Да, все дело было в этом потрясении, когда после шести лет упорядоченной, тихой жизни – тем более тихой, что он решил, будто война навсегда ушла в прошлое, – Калвер вдруг очутился в новом мире, мире ледяных ночей и полдневного зноя, суматохи, кочевья, погони за несуществующим врагом, который вечно ускользает, но не дает покоя, – зловещей гонки по болотам, по изрытым воронками полям, по долинам чужих ленивых речек. На картах, разрисованных яркими стрелками, воображаемыми танками и пушками, этот враг назывался Агрессором, и, хотя никакой агрессии в помине не было, он убегал от них, а они все гнались и гнались за ним и слали ему вдогонку мины и снаряды. Пятичасовая передышка, пять часов в палатке среди рощи, под конец такой обжитой, знакомой, как будто всю жизнь в ней провел, – и снова он покидал командный пункт, чувствуя себя одиноким, от всего оторванным, снова пускался за призрачным врагом в неизведанные чащобы и топи. Усталость давила на его плечи, словно тяжелая рука, он даже утром просыпался усталый – если вообще удавалось заснуть. Из-за их беспрерывного кружения солнце металось по небу, как шальное, и он, измученный до одури, никогда толком не знал, утро сейчас или вечер. Переходы и сумятица наполняли его тревогой, которая была бы немыслима шесть лет назад, а теперь еще больше увеличивала усталость. Даже палатка с ее преходящей, минутной оседлостью ничем не напоминала ему дом, по которому он так стосковался, – слишком в ней было холодно, слишком похожей на гроб казалась она, когда он сидел в ней, то и дело вздрагивая от страха.

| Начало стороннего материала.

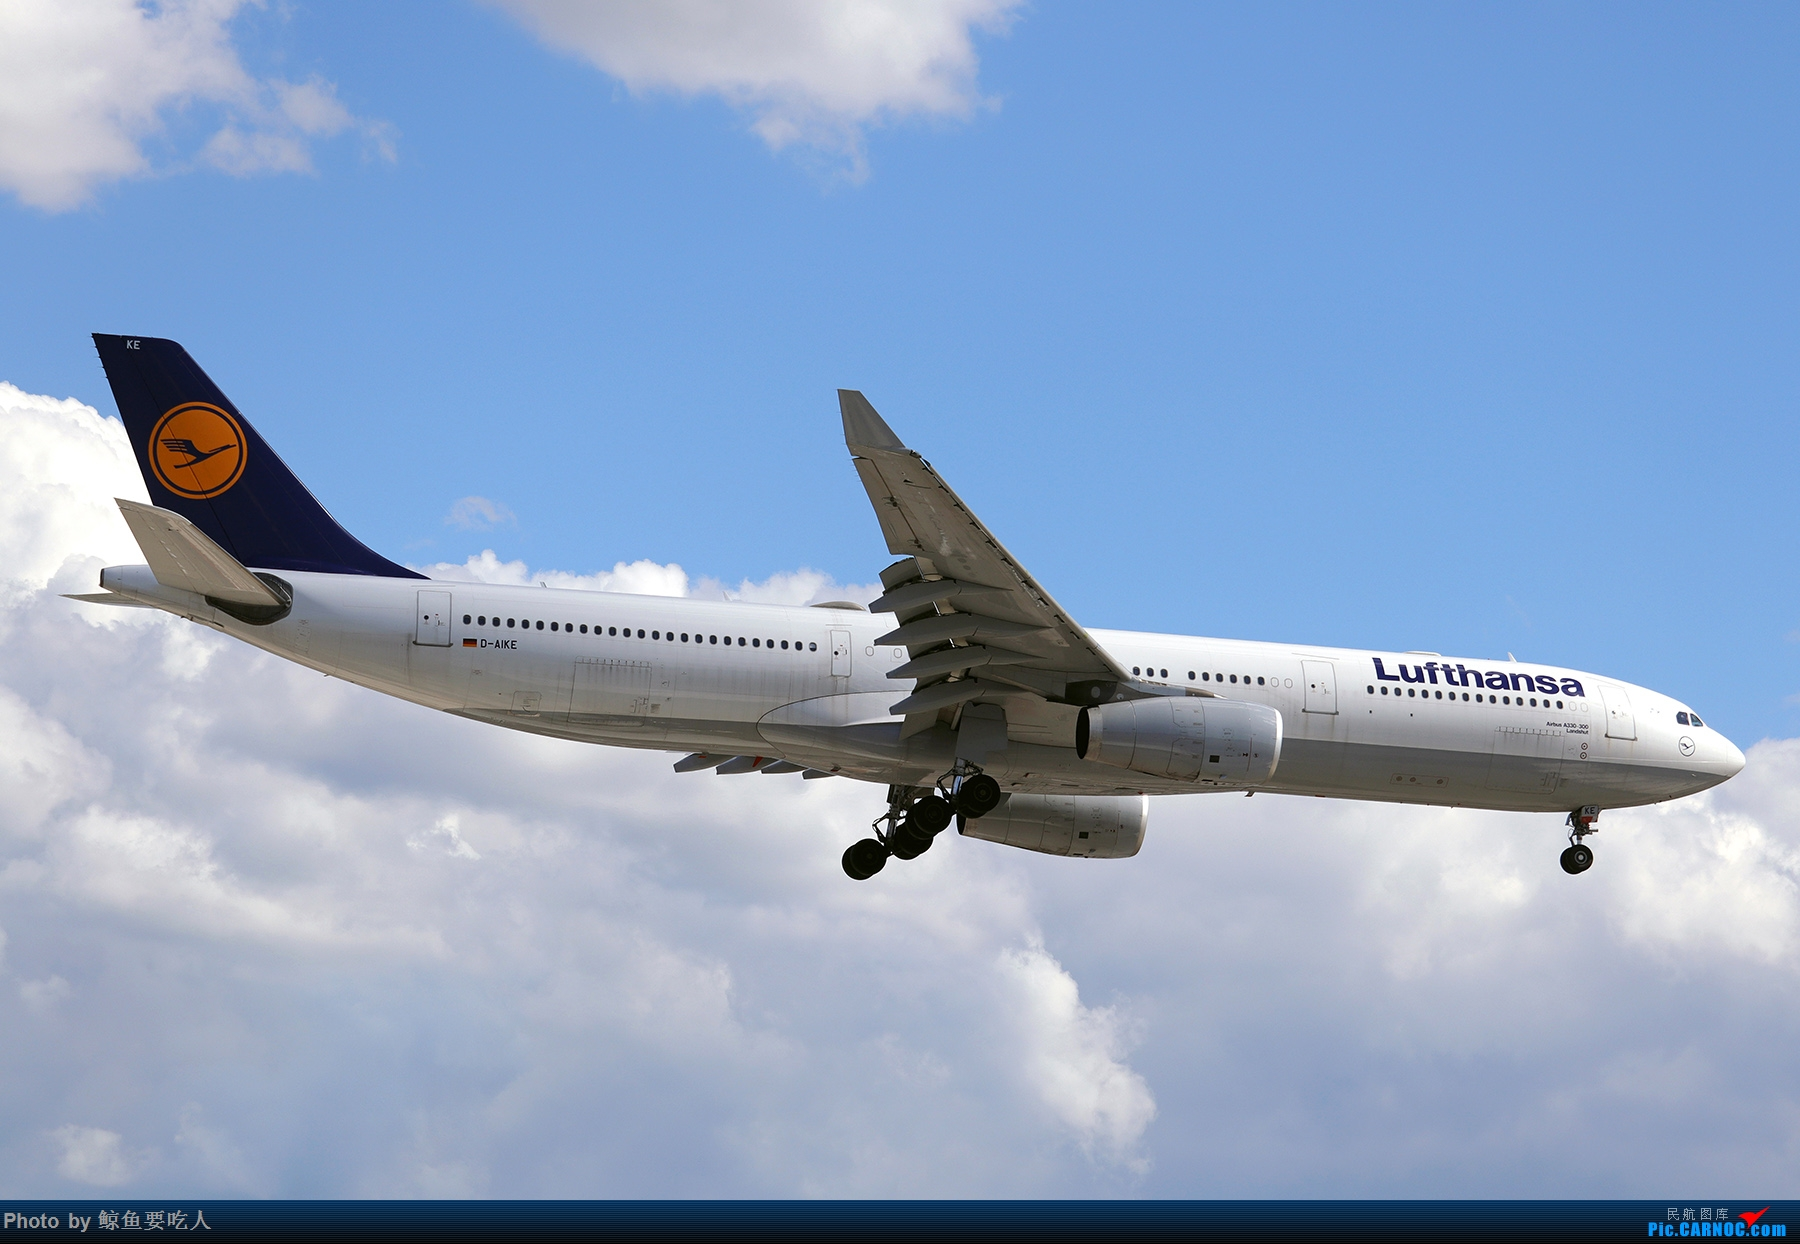 Re:[原创]【多图党】见证疫情后逐步的恢复,加拿大夏日多伦多皮尔逊机场拍机~ 乐见诸航空公司复航多伦多 AIRBUS A330-300 D-AIKE 多伦多皮尔逊国际机场
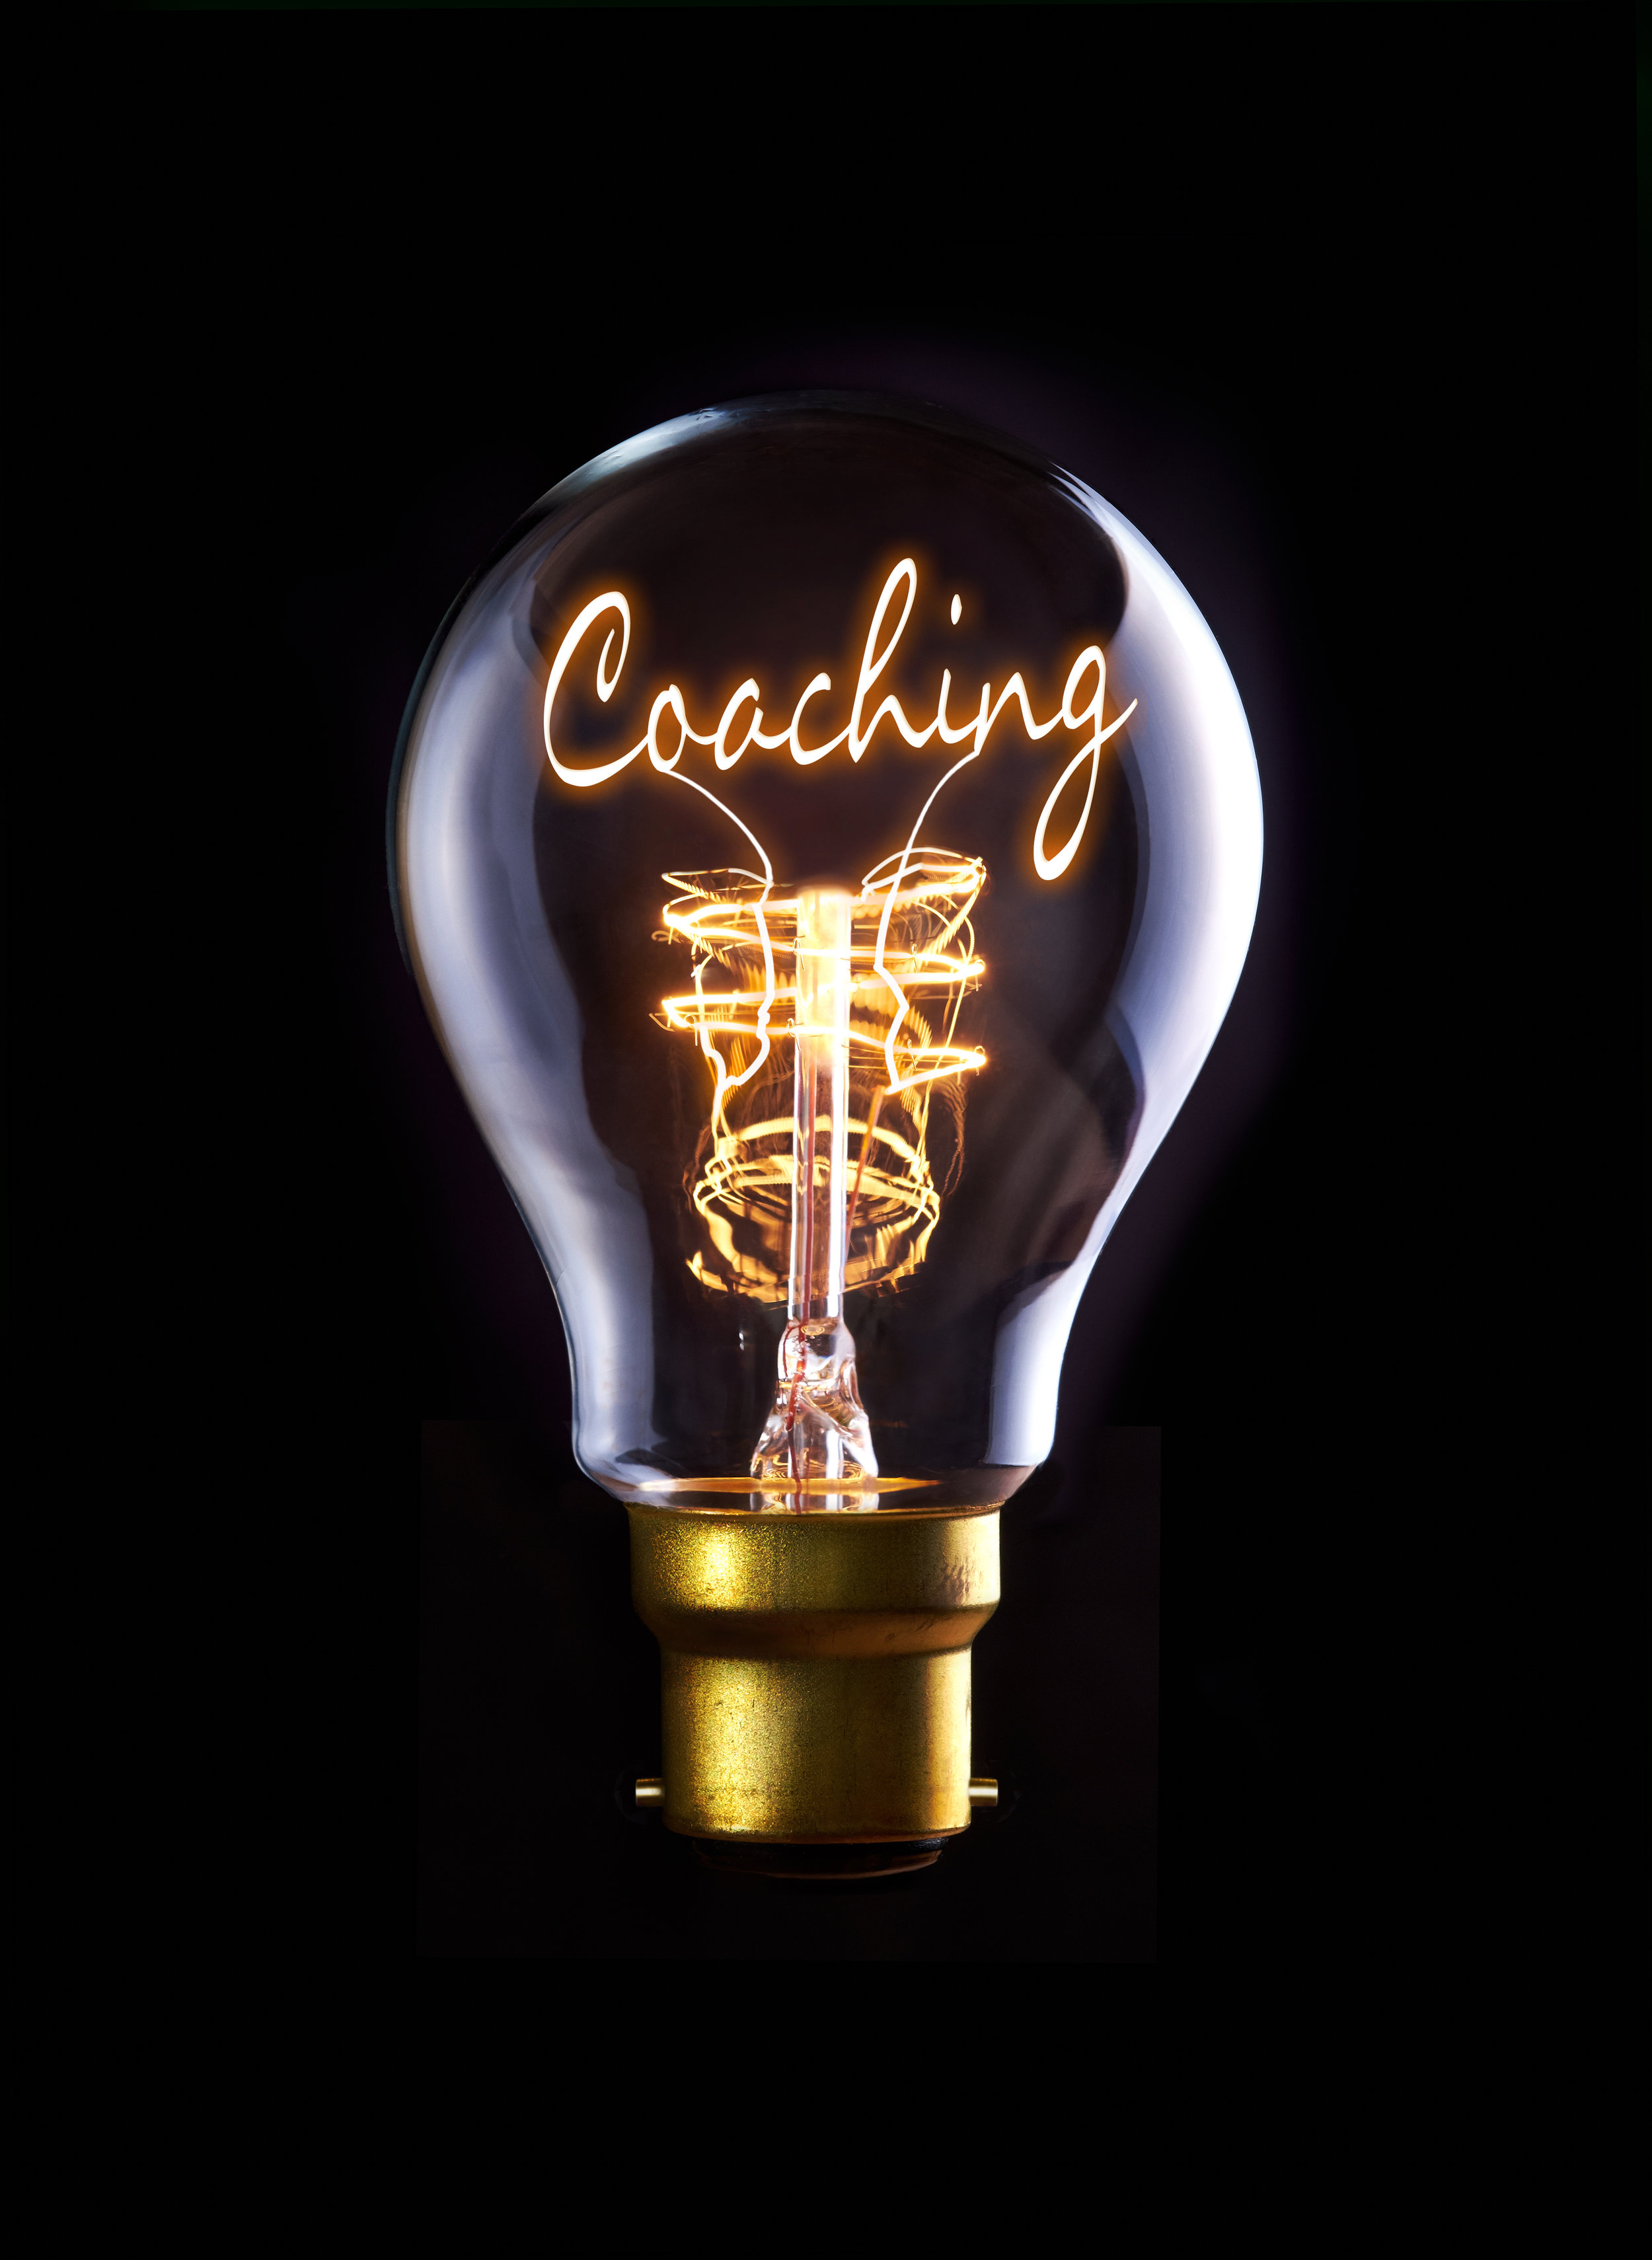 Why Teacher Coaching? -

Потом он подумал, что и в самом деле боится марша, пятидесяти восьми километров – не из-за расстояния, оно вообще не укладывалось в голове, – просто он знал, что не выдержит. Маникс заразил его страхом. И он спросил себя: похож ли страх Маникса на его собственный страх; ведь как бы ни проклинал он армию, морскую пехоту, вполне может сгаться, что извращенная гордость, которую вливали в них по капле, заставит его идти до тех пор, пока он не свалится, и боялся он не расстояния, а того, что свалится. Он поглядел на Маникса и спросил:

– Эл, ты сможешь пройти?

Маникс сильно хлопнул себя по колену. Казалось, он не слыхал вопроса. Головокружение прошло, Калвер встал и поднес застывшие руки к лампе.

– Если в полку и в дивизии пронюхают про это дело, наверняка вставят фитиль паршивцу, – сказал Маникс.

– Они уже знают. Сказали – валяй.

– Брось. Откуда ты взял?

– Он сам сказал, еще до твоего прихода. Говорит, что радировал на базу, просил разрешения.

– Паршивец.

– Сам бы он не посмел, – сказал Калвер. – Не пойму только, почему они согласились.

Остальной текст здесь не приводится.